Note that you cannot change the pidns of an already-created procfs instance. The primary reason is that allowing this to be changed would require RCU-protecting proc_pid_ns(sb) and thus auditing all of fs/proc/* and some of the users in fs/* to make sure they wouldn't UAF the pid namespace. Since creating procfs instances is very cheap, it seems unnecessary to overcomplicate this upfront. Trying to reconfigure procfs this way errors out with -EBUSY.
/* ioctl(PROCFS_GET_PID_NAMESPACE) */
In addition, being able to figure out what pid namespace is being used by a procfs mount is quite useful when you have an administrative process (such as a container runtime) which wants to figure out the correct way of mapping PIDs between its own namespace and the namespace for procfs (using NS_GET_{PID,TGID}_{IN,FROM}_PIDNS). There are alternative ways to do this, but they all rely on ancillary information that third-party libraries and tools do not necessarily have access to.
To make this easier, add a new ioctl (PROCFS_GET_PID_NAMESPACE) which can be used to get a reference to the pidns that a procfs is using.
Rather than copying the (fairly strict) security model for setns(2), apply a slightly looser model to better match what userspace can already do:
Make the ioctl only valid on the root (meaning that a process without access to the procfs root -- such as only having an fd to a procfs file or some open_tree(2)-like subset -- cannot use this API). This means that the process already has some level of access to the /proc/$pid directories.
If the calling process is in an ancestor pidns, then they can already create pidfd for processes inside the pidns, which is morally equivalent to a pidns file descriptor according to setns(2). So it seems reasonable to just allow it in this case. (The justification for this model was suggested by Christian.)

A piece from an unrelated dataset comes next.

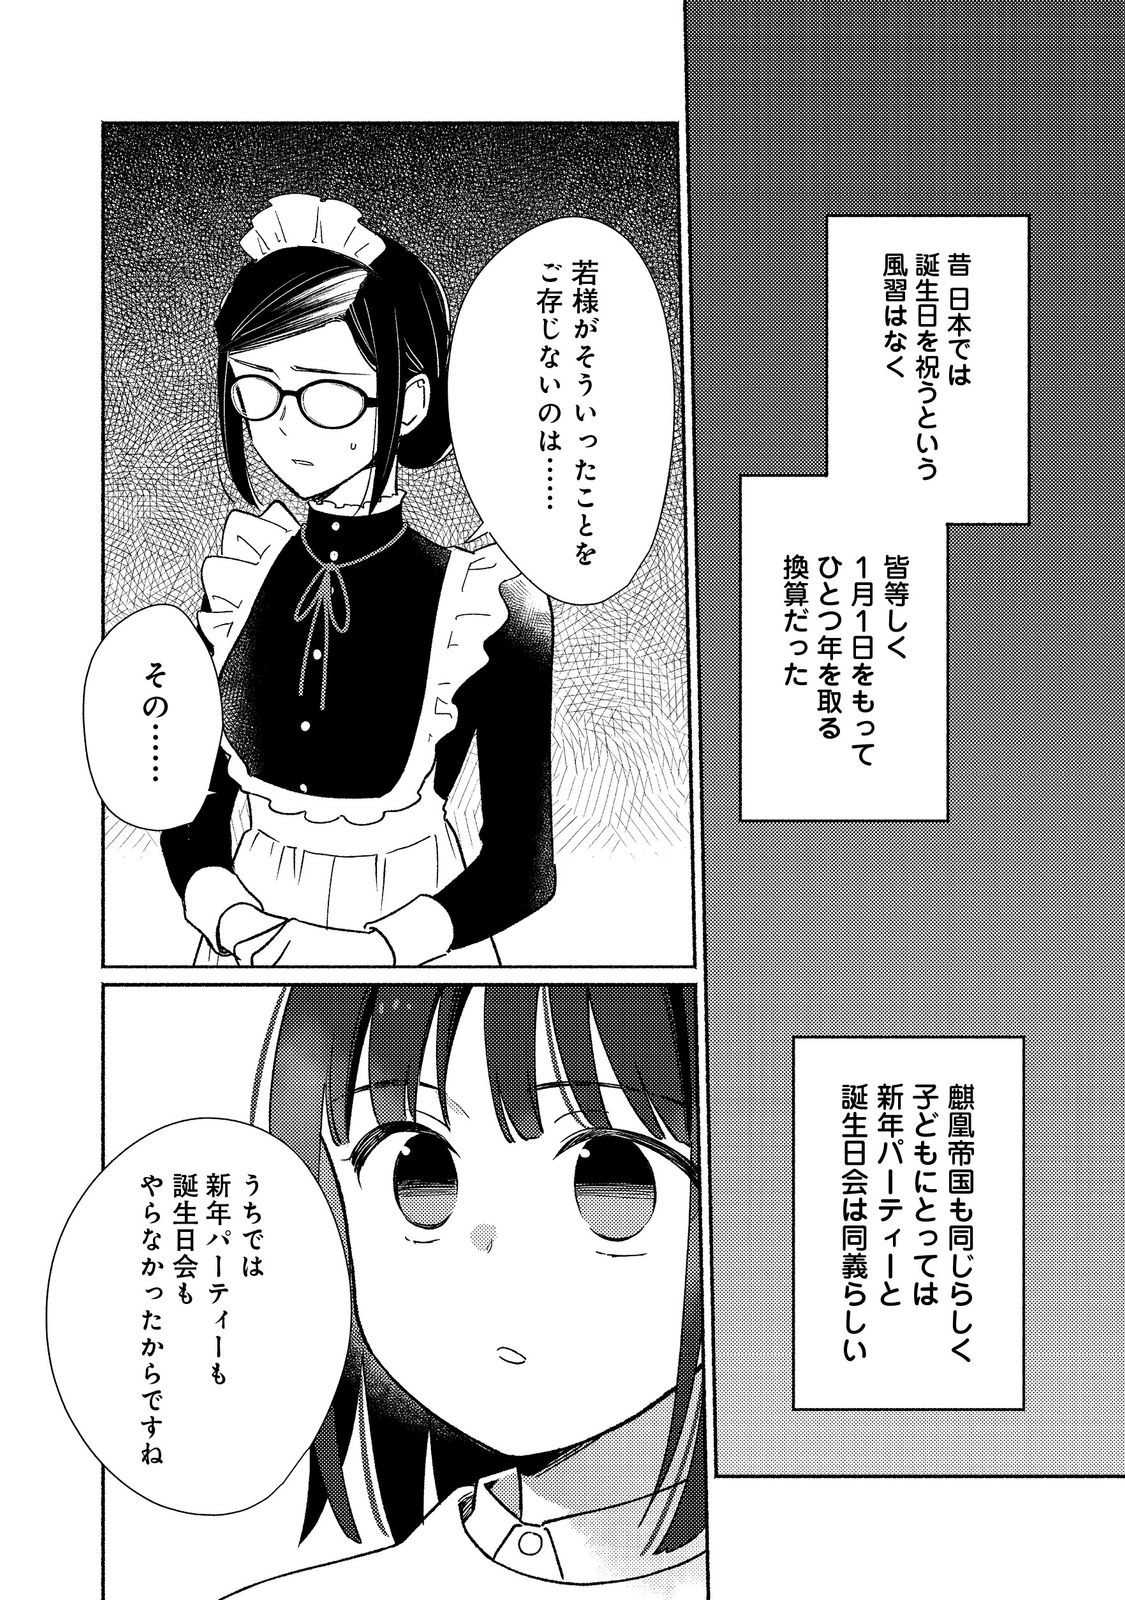 Shirobuta Kizoku desu ga Zense no Kioku ga Haeta node Hiyoko na Otouto Sodatemasu - Chapter 24.1 - Page 2

If the process has access to /proc/1/ns/pid already (i.e. has ptrace-read access to the pidns pid1), then this ioctl is equivalent to just opening a handle to it that way.
Ideally we would check for ptrace-read access against all processes in the pidns (which is very likely to be true for at least one process, as SUID_DUMP_DISABLE is cleared on exec(2) and is rarely set by most programs), but this would obviously not scale.

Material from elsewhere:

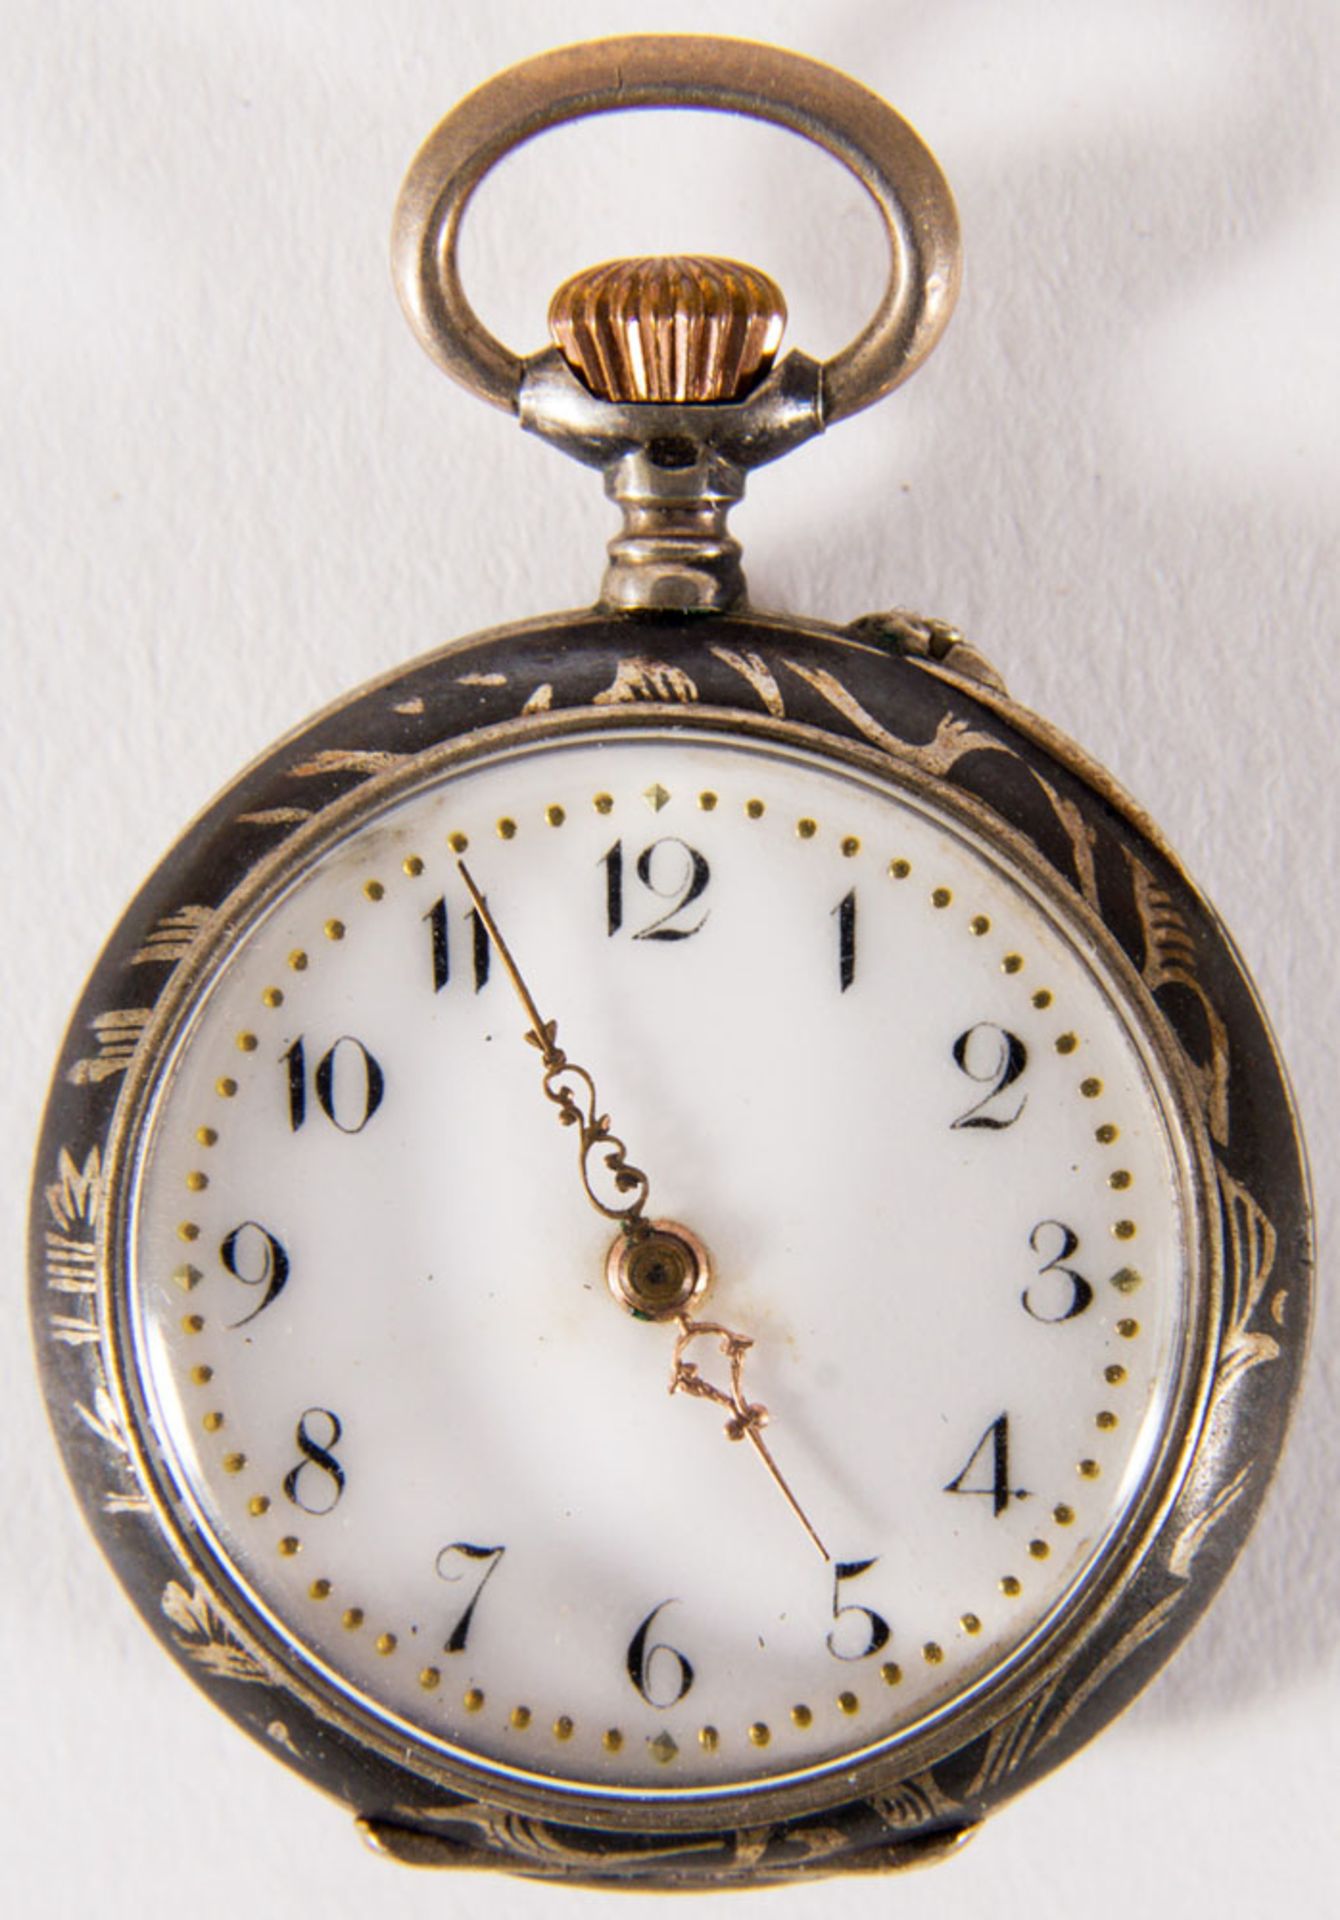 Antike Damentaschenuhr um 1900 in orig. Kartonage. Werk läuft an. Durchmesser ca 30mm. - Image 2 of 10

I'm open to suggestions for whether we need to make this stricter (or possibly allow more cases).
Signed-off-by: Aleksa Sarai cyphar@cyphar.com
Thanks for the patchset. Being able to specify what pid namespace the procfs instance is supposed to belong to is super useful and will make things easier for userspace for sure.
The code you added contains a minor wrinkle that I disliked which I've changed and you tell me if you can live with this restriction or not.
The way you've implemented it specifying a pid namespace that the caller holds privilege over would silently also override the user namespace the filesystem is supposed to belong to.
Specifically, you did something like:
put_pid_ns(ctx->pid_ns); ctx->pid_ns = get_pid_ns(target); put_user_ns(fc->user_ns); fc->user_ns = get_user_ns(ctx->pid_ns->user_ns);
This silently overrides the user namespace recorded at fsopen() time. I think that's too subtle and we should just not allow that at all for now.
Instead I've changed this to:
if (fc->user_ns != target->user_ns) return invalfc(fc, "owning user namespace of pid namespace doesn't match procfs user namespace");
put_pid_ns(ctx->pid_ns); ctx->pid_ns = get_pid_ns(target);
so we just refuse different owernship.
I've also dropped the procfs ioctl because I'm not sure how much value it will actually add given that you can do this via /proc/1/ns/pid.
If that is something that libpathrs despearately needs I would like to do it as a separate patch anyways.
Thanks for the excellent cover letter. This was a pleasure merging!